Interestingly, many of these photographs appear elsewhere with an attribution to a different photographer: Ian Ference.

http://www.dailymail.co.uk/news/article-2094823/North-Brother-Island-Eerie-pictures-abandoned-New-York-leper-colony.html

the duchess said...

Found your blog from The Blaze/Glenn Beck and glad I did. Your work's incredible. Well done.

will said...

the "The auditorium boasted a number of seats and a small stage.
" picture look at the top of the doorway u will see a little person btw awsum photos

Anonymous said...

Great Job!! I was driven here by a photo I saw on the free Metro News Paper...these photos are amazing..!!! I will be a good Idea to make this a museum...!!! I also read about Thypoid Mary she was there for years after she infected a lot of people with the bacteria.

Anonymous said...

Outstanding pictures and excellent write-up on the island.

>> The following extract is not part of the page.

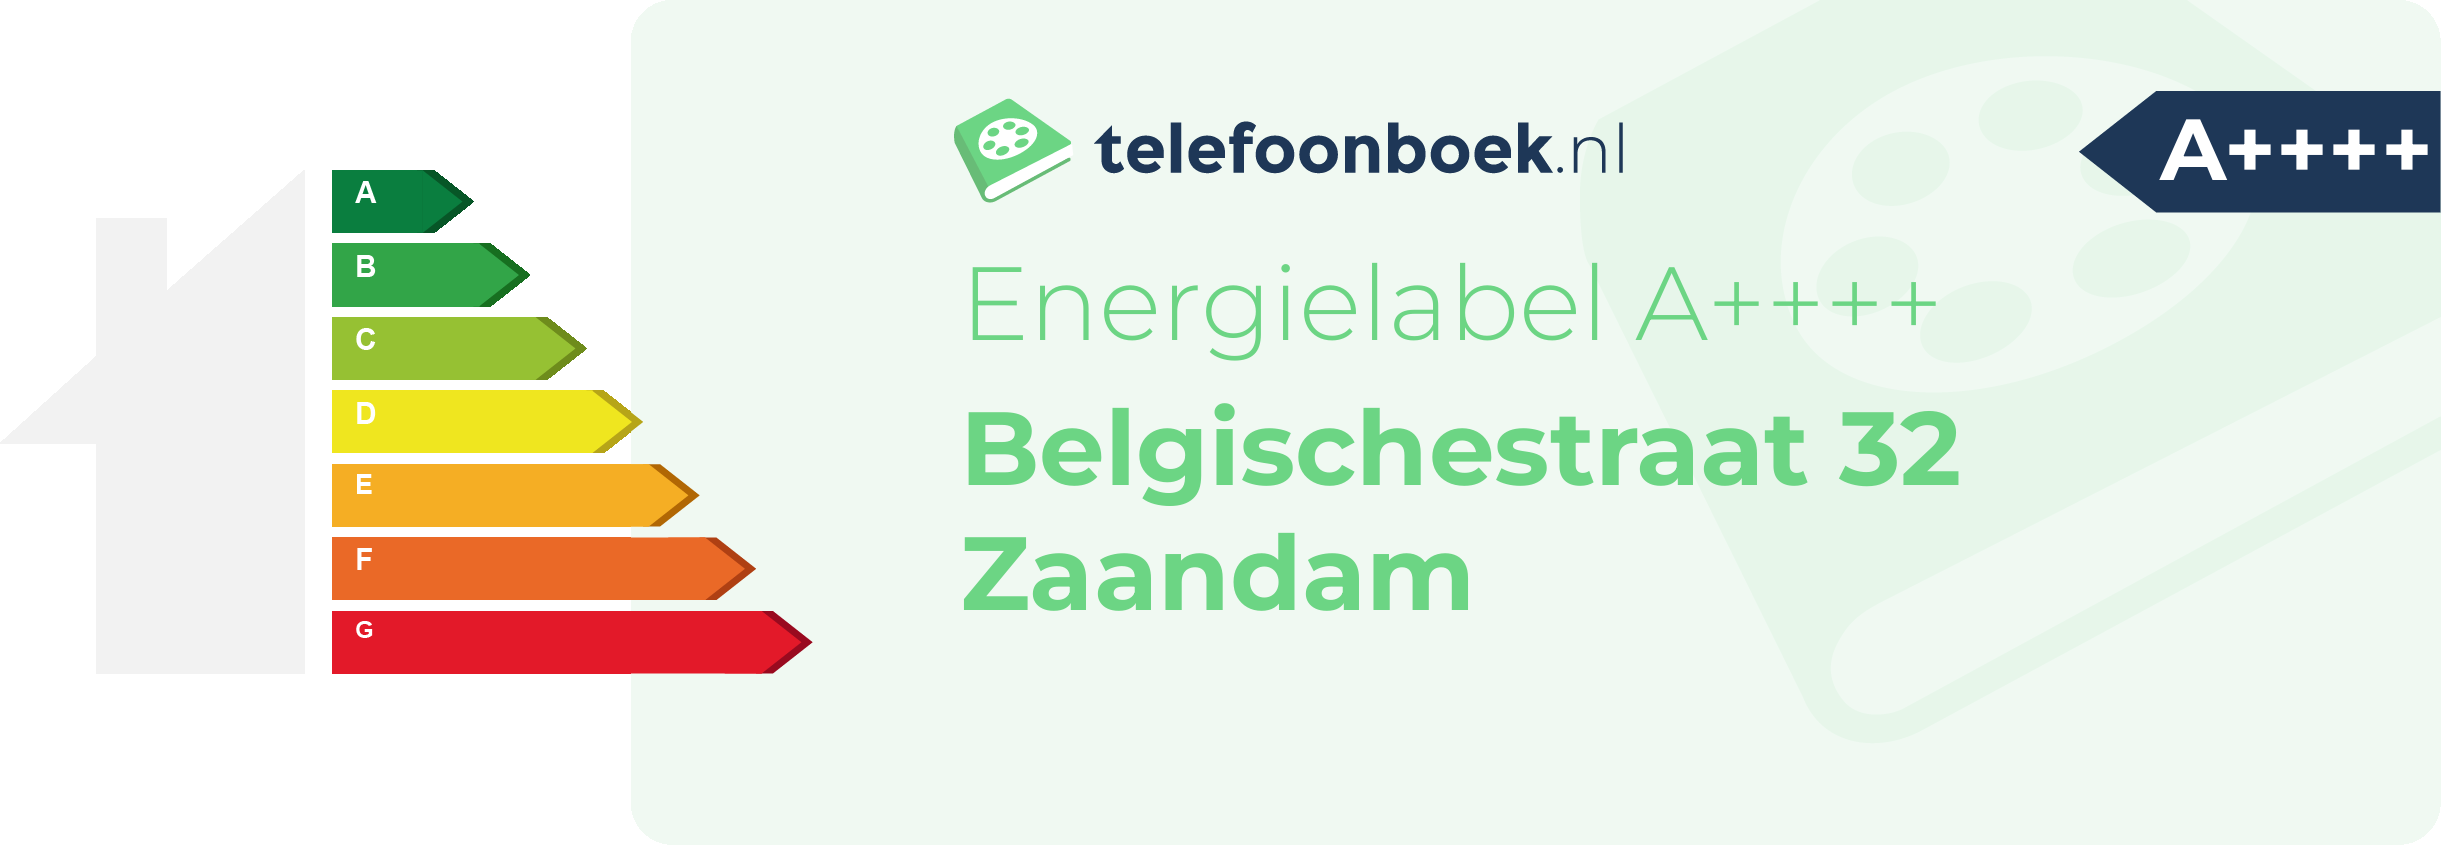 Energielabel Belgischestraat 32 Zaandam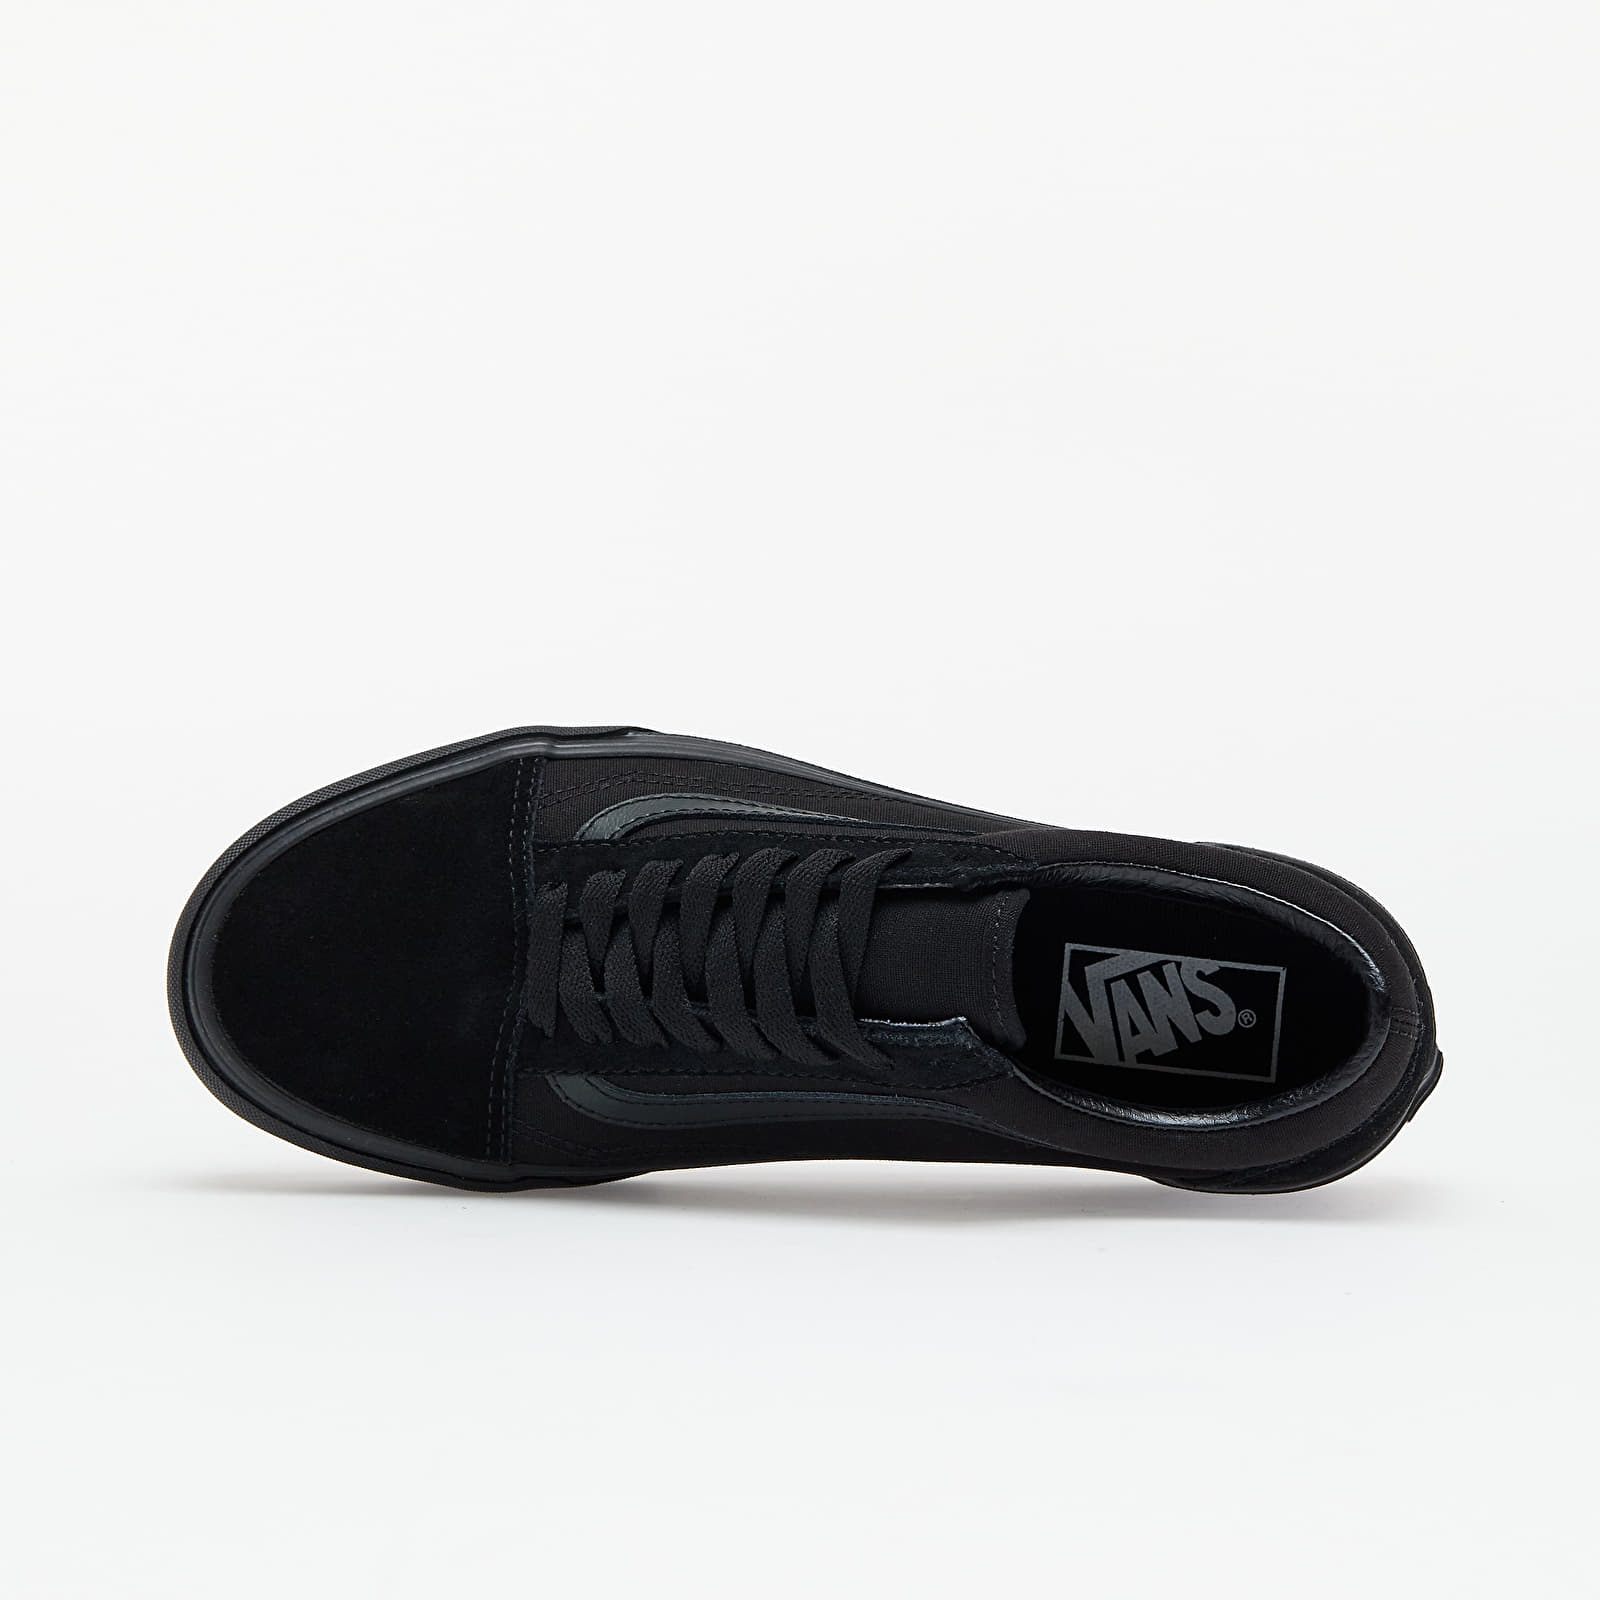 Men's shoes Vans Old Skool Platform Black/ Black

Keep up the good work and looking forward to further works.

Anonymous said...

I'd like to see photos of what it looked like in its heyday

Waseem said...
This comment has been removed by a blog administrator.
Greg Lyon said...

These photos are amazing and the history is too. I happened upon North Brother Island on Google Maps and the did a search and found this web site. Spent a very interesting hour or two reading it. Thanks.

Anonymous said...

Typhoid Mary Mallon should've been executed for putting the residents of NYC at risk. In the early 1980's the island would've best been used to house HIV/AIDS patients to protect the public and prevent the spread of disease.

Anonymous said...

I was in the Coast Guard working patrol boats on Governors Island in the late 70s. We used to visit the buildings here and they were in much better condition; it’s amazing what 35 years will do to a place. We also used to go to Ellis Island before it was restored. Later, I did the same job at Ft. Totten in Queens and was able to go to David’s Island and other places.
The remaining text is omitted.